Однако одновременно эта книга служит и наставлением по ассимиляции. «В период наивысшего расцвета цивилизации евреи, отделившиеся от христиан, занимают в обществе положение, которое нельзя назвать нормальным», — пишет Исаак на первой странице книги, и его мучительное переживание этой аномалии отражается в полном сарказма описании традиционной еврейской учености и обычаев. Впрочем, кое-что в библейском иудаизме — национальном вероисповедании независимого государства — его восхищает. Он даже предполагает, что древнееврейское государство может служить образцом управления страной: «В эпоху теократии в этом грубом и воинственном народе сохранялось политическое равенство, которое тщетно пытаются обеспечить общественные институты при различных формах демократического правления». Протосионизм Исаака и утверждение, что подлинная свобода заключена только в подчинении божественному порядку, оказали сильнейшее влияние на политические взгляды его сына.
Однако, по мнению Исаака, победа Рима лишила евреев основы для достойного существования как нации, и для иудаизма наступил темный период: «Выстроенная мощно и искусно, но при этом бесчеловечная, основанная на слабостях нашей натуры, эта система суеверий и предрассудков погрузила евреев в океан ритуальных правил, казуистических толкований и деспотических предписаний, несравнимых даже с теми, что позднее в подражание им возникли в католицизме». Сравнение раввинистического иудаизма с «казуистическим» католицизмом — искусный риторический прием, который позволил Исааку привлечь на свою сторону как вольтерианский антиклерикализм, так и традиционное для английских протестантов недоверие к Папе.

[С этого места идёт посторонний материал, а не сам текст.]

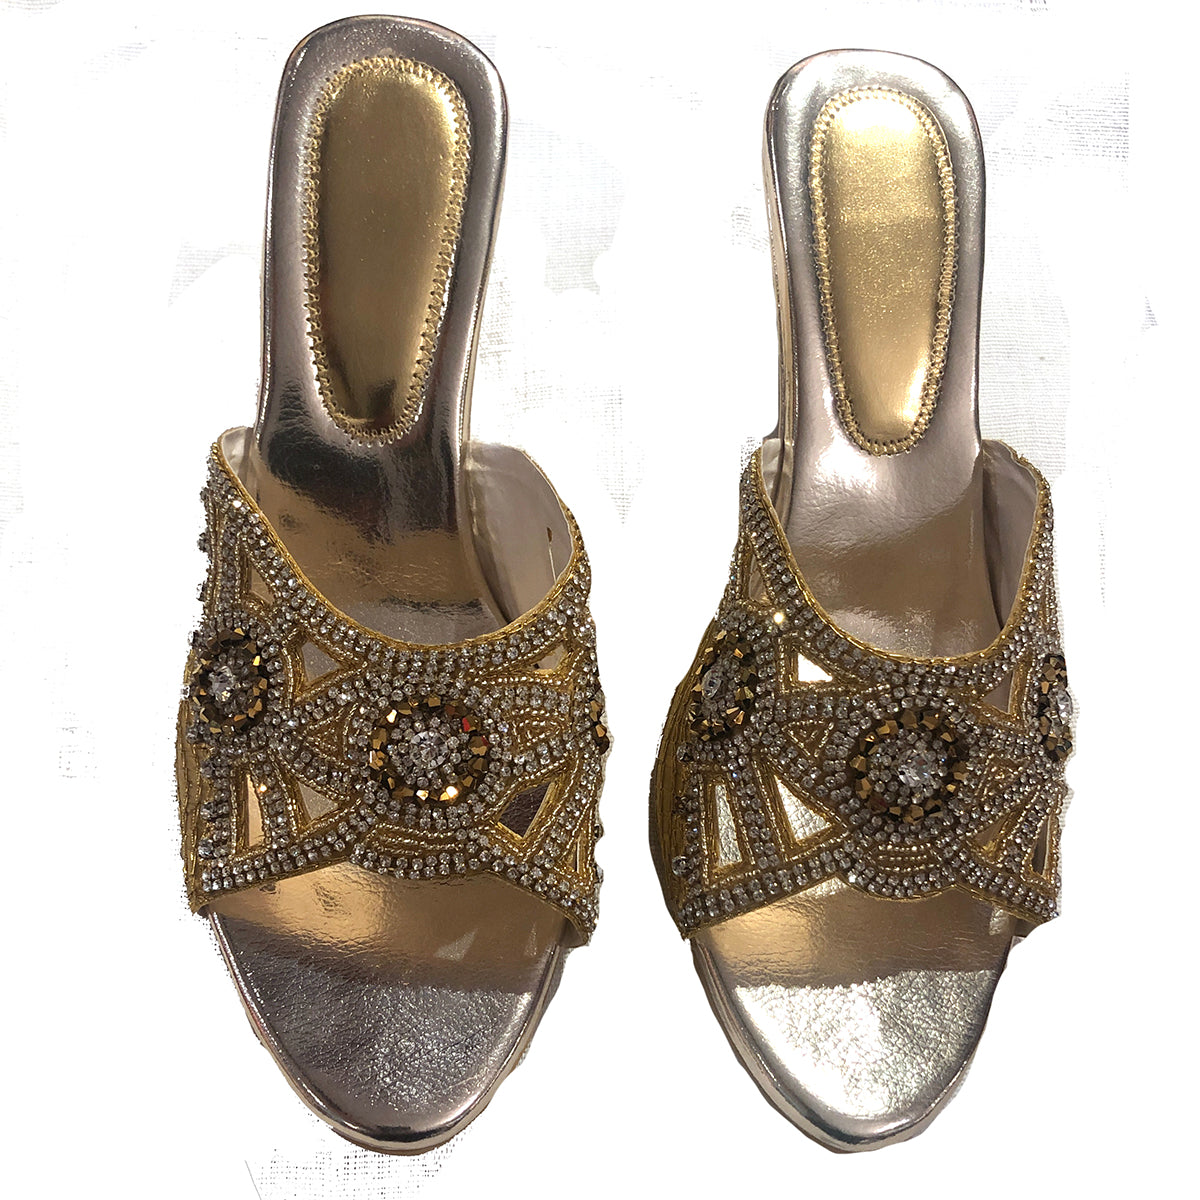 DT Gold Sandals 2 - Vintage India NYC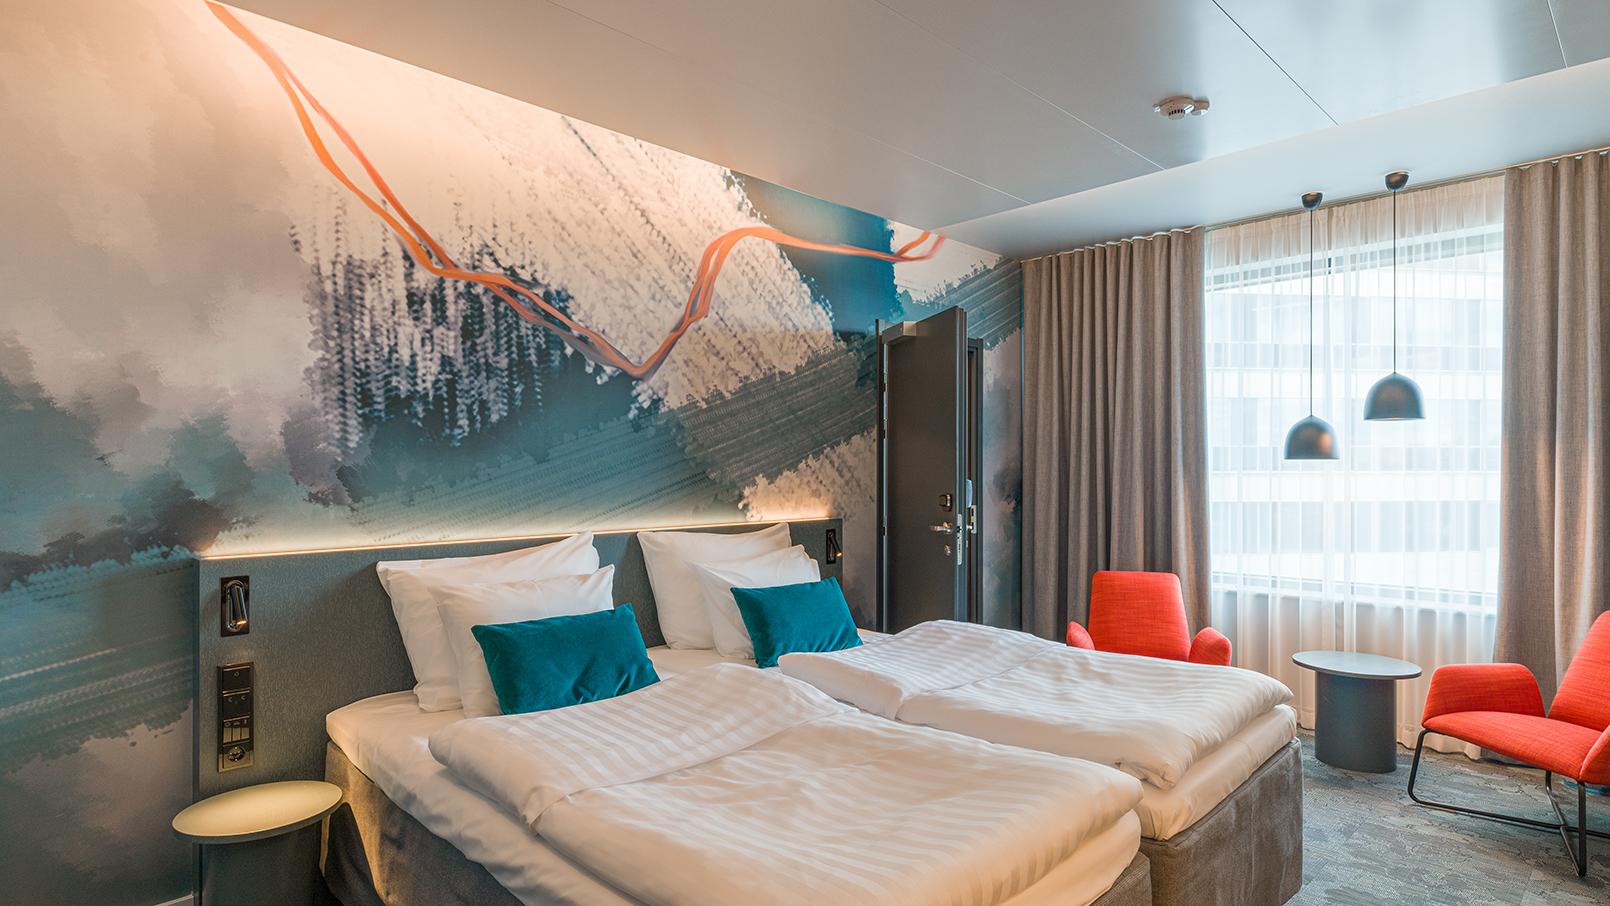 Rune & Berg Designin suunnittelema hotellihuone Sokos Hotelli Flamingolle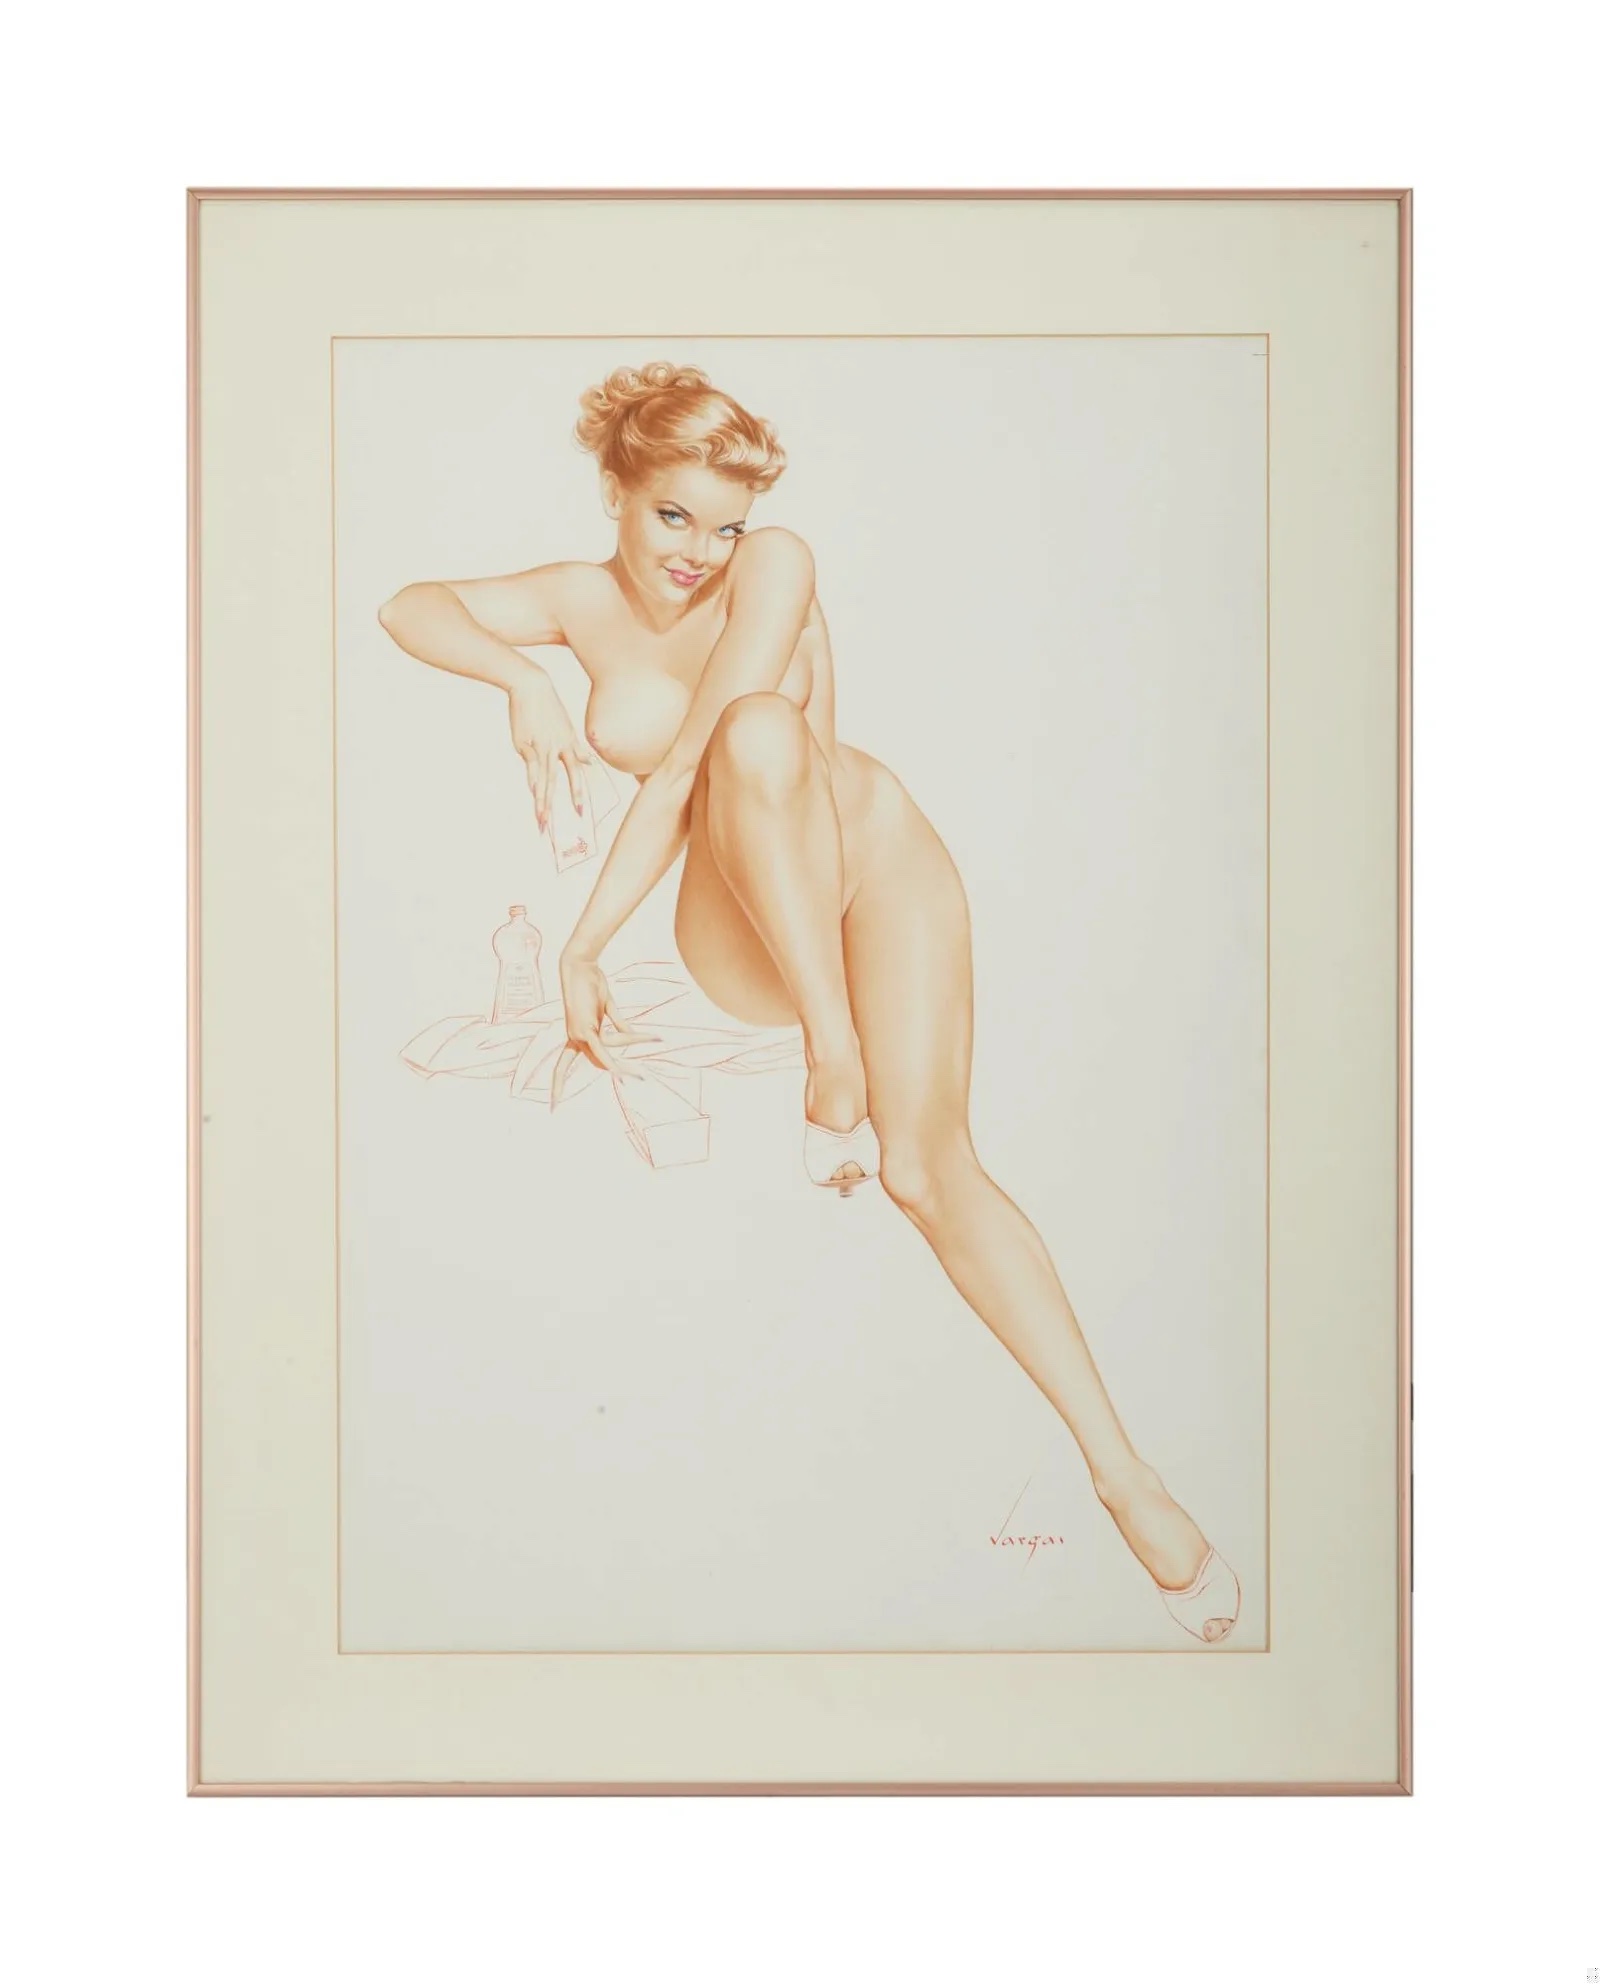 Alberto Vargas, Playboy October 1960 watercolor drawing, estimated at $30,000-$40,000 at Julien's.

Неприязнь к Талмуду, заявляет при этом Исаак, не означает неприязни к самому иудаизму, но только к обскурантизму. В другой своей книге он называет Талмуд «завершенной системой варварской еврейской учености».
Возникает вопрос: как в современном мире евреям следует поступать с этим варварским наследием? Исаак дает прямой ответ: они должны «слиться» с современным европейским обществом. Не существует причин, уверяет он своих читателей, по которым евреи не могут стать добрыми англичанами: «Через несколько поколений евреи обретают характер народа, частью которого стали, и их поступками движут общие с этим народом чувства». Однако в обмен на эту возможность ассимилироваться Исаак требует от евреев отказа от устаревших традиций. «Я заклинаю евреев, — пишет он, — начать обучение их молодежи по-европейски, а не так, как ее учат в Палестине. Пусть их Талмуд займет место на самой верхней полке, чтобы молодые люди обращались к нему как к антикварной диковине, а не как к учебнику жизни».
Возможно, наиболее красноречивая деталь этого призыва заключается в местоимениях: Д’Израэли пишет «их», а не «нашей» и «наш», словно сам уже не один из этих евреев. Еще более уклончив Исаак, когда пишет: «Пусть те, кто имел счастье родиться в христианской вере, с состраданием отнесутся к еврею, ибо помочь ему не в наших силах». В то же время в другом месте книги его язык отчетливо двусмыслен. «В иудаизме мы прослеживаем наше христианство, а христианство возрождает в памяти наш иудаизм», — пишет Исаак так, будто он одновременно и христианин, и еврей. Это настойчивое утверждение, что христианство и иудаизм связаны неразрывными узами и что христианин не может быть таковым в полном смысле слова, не осознав еврейских корней христианства, станет еще одним важным аспектом воззрений Бенджамина Дизраэли на иудаизм. В 1847 году, выступая за предоставление евреям права быть членами парламента, Дизраэли вторит своему отцу: «Кто эти люди, исповедующие иудаизм? Они признают того же Бога, что и христиане нашей страны. Они признают то же Божественное откровение, что и вы. Они, говоря по-человечески, — создатели вашей религии».
Казалось бы, свободомыслие Исаака и его взгляды на «слияние» евреев с европейским обществом должны были устранить все преграды к тому, чтобы он просто-напросто принял христианство. Тем не менее, как это ни странно, на страницах «Гения иудаизма» он пишет об иудеях, обратившихся в христианскую веру, с нескрываемым презрением. Исаак с удовлетворением отмечает, что Обществу по распространению христианства среди евреев[18]
«удавалось заполучить не более шести прозелитов в год». Хотя он и сожалеет об упорном желании евреев оставаться «особенным народом», что, по его словам, служит «истинной причиной всеобщей ненависти, возбуждаемой евреями в любой нации и в любую эпоху», он же, в нарушение всякой логики, гордится этим свойством еврейского народа. «Иудаизм и христианство разделены лишь одним шагом, — пишет Исаак, — но, по воле Небес, „сын Завета“ оказывается не в силах этот шаг сделать».